Setting Exit Codes and Conditional Steps
By default, pytest and unittest return exit code 0 if all tests pass and non-zero (typically 1) if any test fails. GitHub Actions fails the workflow step if the exit code is non-zero, automatically failing the entire job.
You can make workflows conditional on test success:
- name: Run tests
id: tests
run: pytest tests/ -v
- name: Upload coverage only on success
if: steps.tests.outcome == 'success'
run: curl https://codecov.io/upload -F coverage
The id: field labels the step so later steps can reference its outcome.
Key Takeaways
- Use pytest with
-v --tb=shortfor clear, concise test output in workflows. - Generate JUnit XML reports with
--junit-xml=test-results.xmland publish them to GitHub usingpublish-unit-test-result-action. - Parallelize tests with
pytest -n autoto reduce workflow time by 40–70%. - pytest fixtures with
scope="function"are safe for parallel execution. - Use
unittest discoverif your project relies on the standard library test runner. - Set
if: always()on artifact upload steps to ensure they run regardless of test outcome.
Frequently Asked Questions
Why do some tests pass locally but fail in the workflow?
Environment differences are common. The workflow runs on a clean virtual machine without your local configuration or cached dependencies. Ensure requirements.txt specifies exact versions (not wildcards like pytest>=7.0). Use absolute imports, not relative imports, so tests find your package regardless of the working directory.
How do I run only a specific test file or test function in the workflow?
Pass the file path or function name to pytest: pytest tests/test_auth.py::test_login_success -v. Use conditionals to run different tests based on the branch: if: github.ref == 'refs/heads/main'.
Can I mark tests as expected failures without failing the workflow?
Yes, use pytest's @pytest.mark.xfail decorator to mark tests that are expected to fail. pytest counts them separately (xfailed) and does not fail the workflow: @pytest.mark.xfail(reason="Bug #1234").

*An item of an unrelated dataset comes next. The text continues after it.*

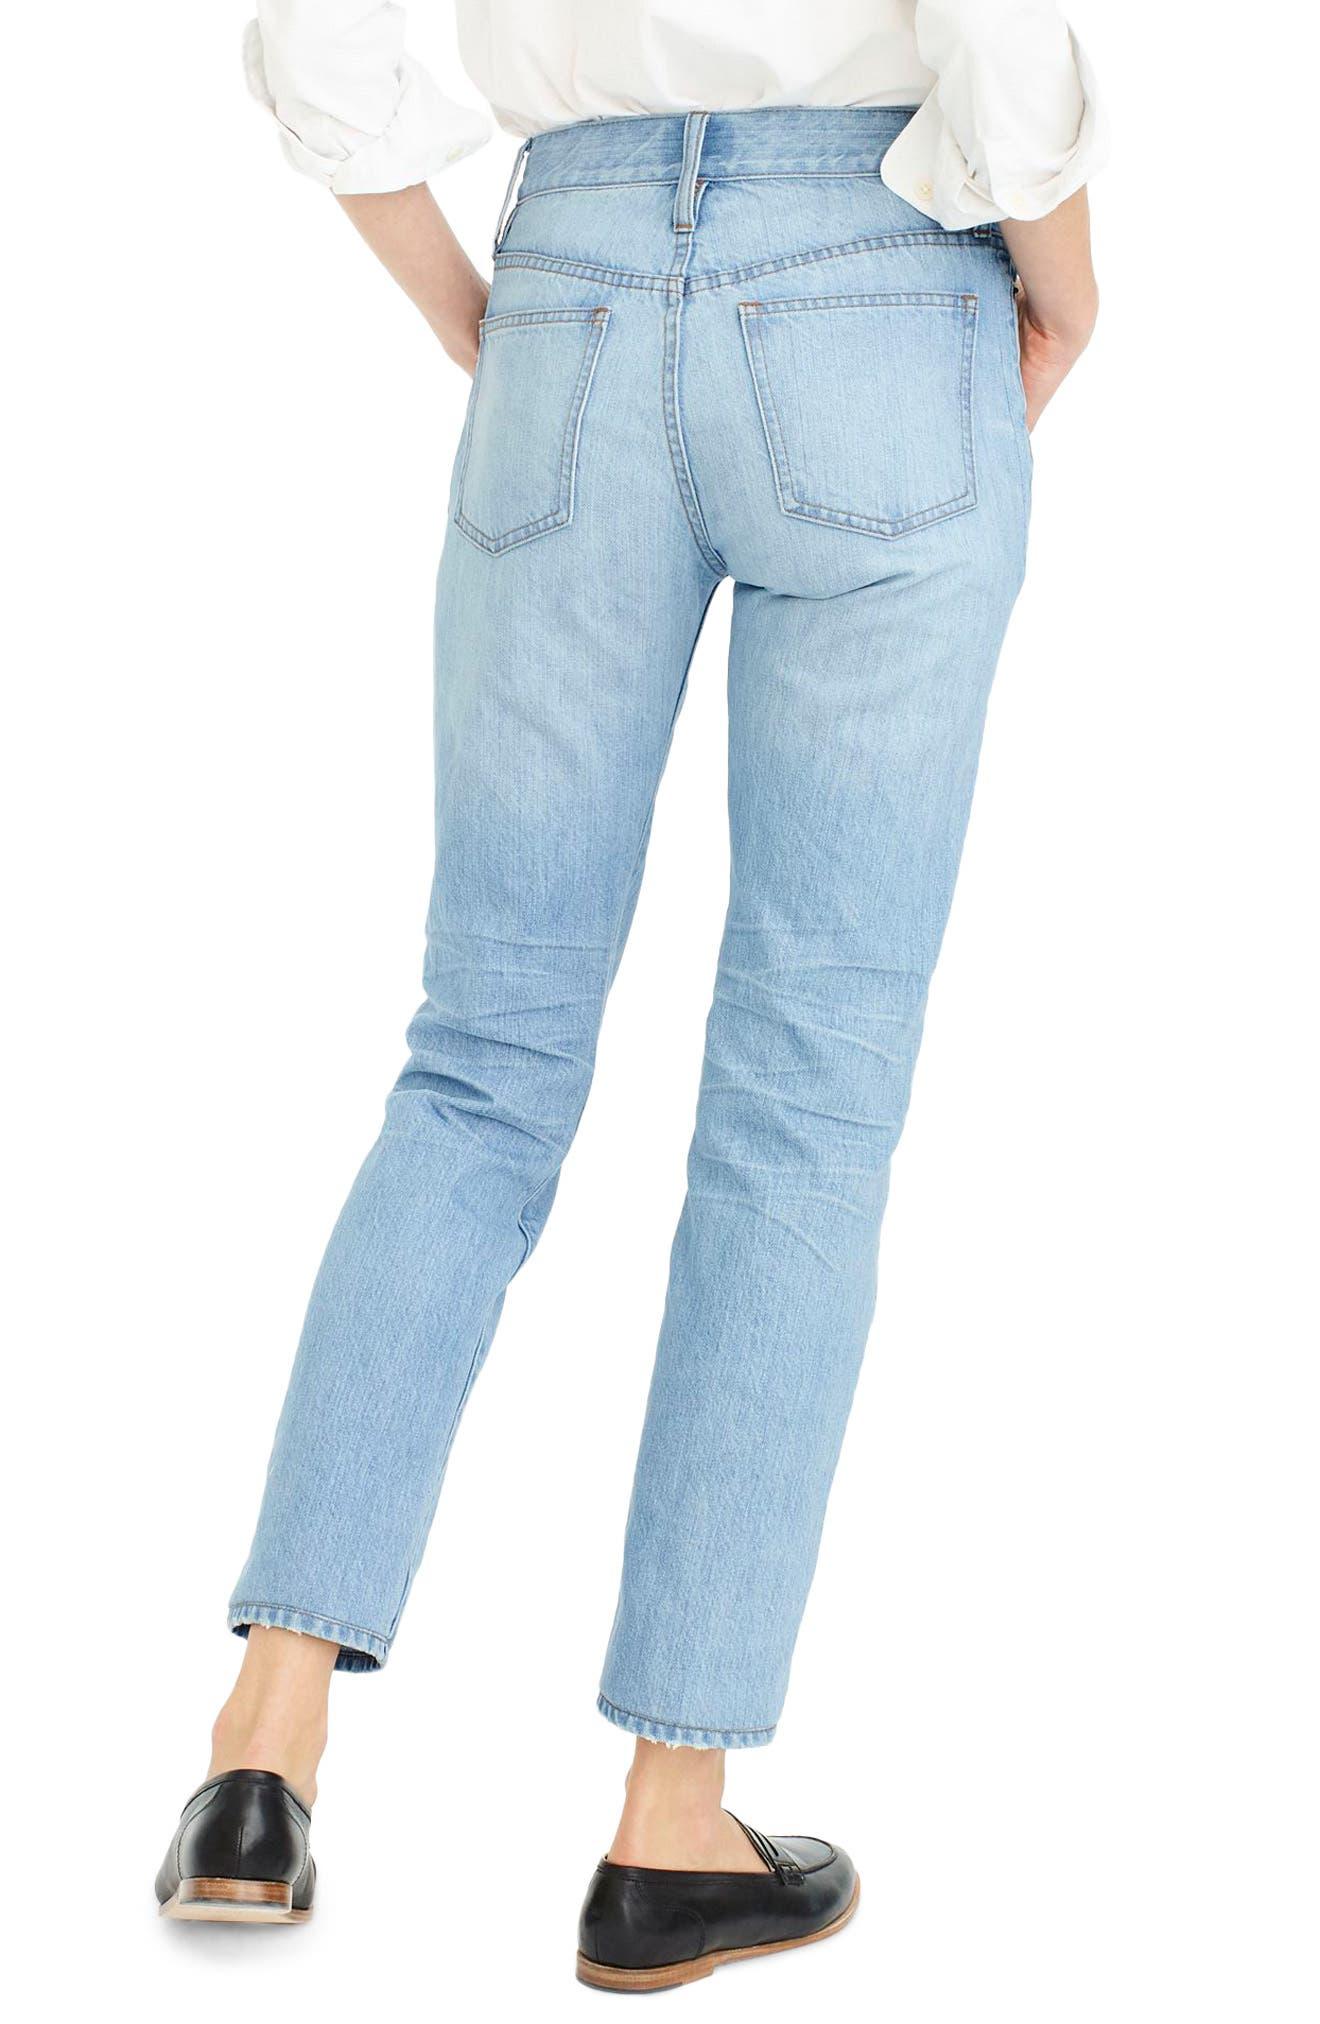 Retro Big Idea Jeans,                             Alternate thumbnail 2, color,                             Fern Wash

How do I skip tests in the workflow?
Use @pytest.mark.skip(reason="Not ready") or @pytest.mark.skipif(condition, reason="..."). Skipped tests do not cause the workflow to fail.
Does GitHub provide a test result dashboard?
GitHub's Actions tab shows test runs, but for deeper analytics (trends, flaky test detection, historical comparisons), use third-party tools like Codecov, BuildKite, or Datadog. Many integrate via GitHub Actions via community actions.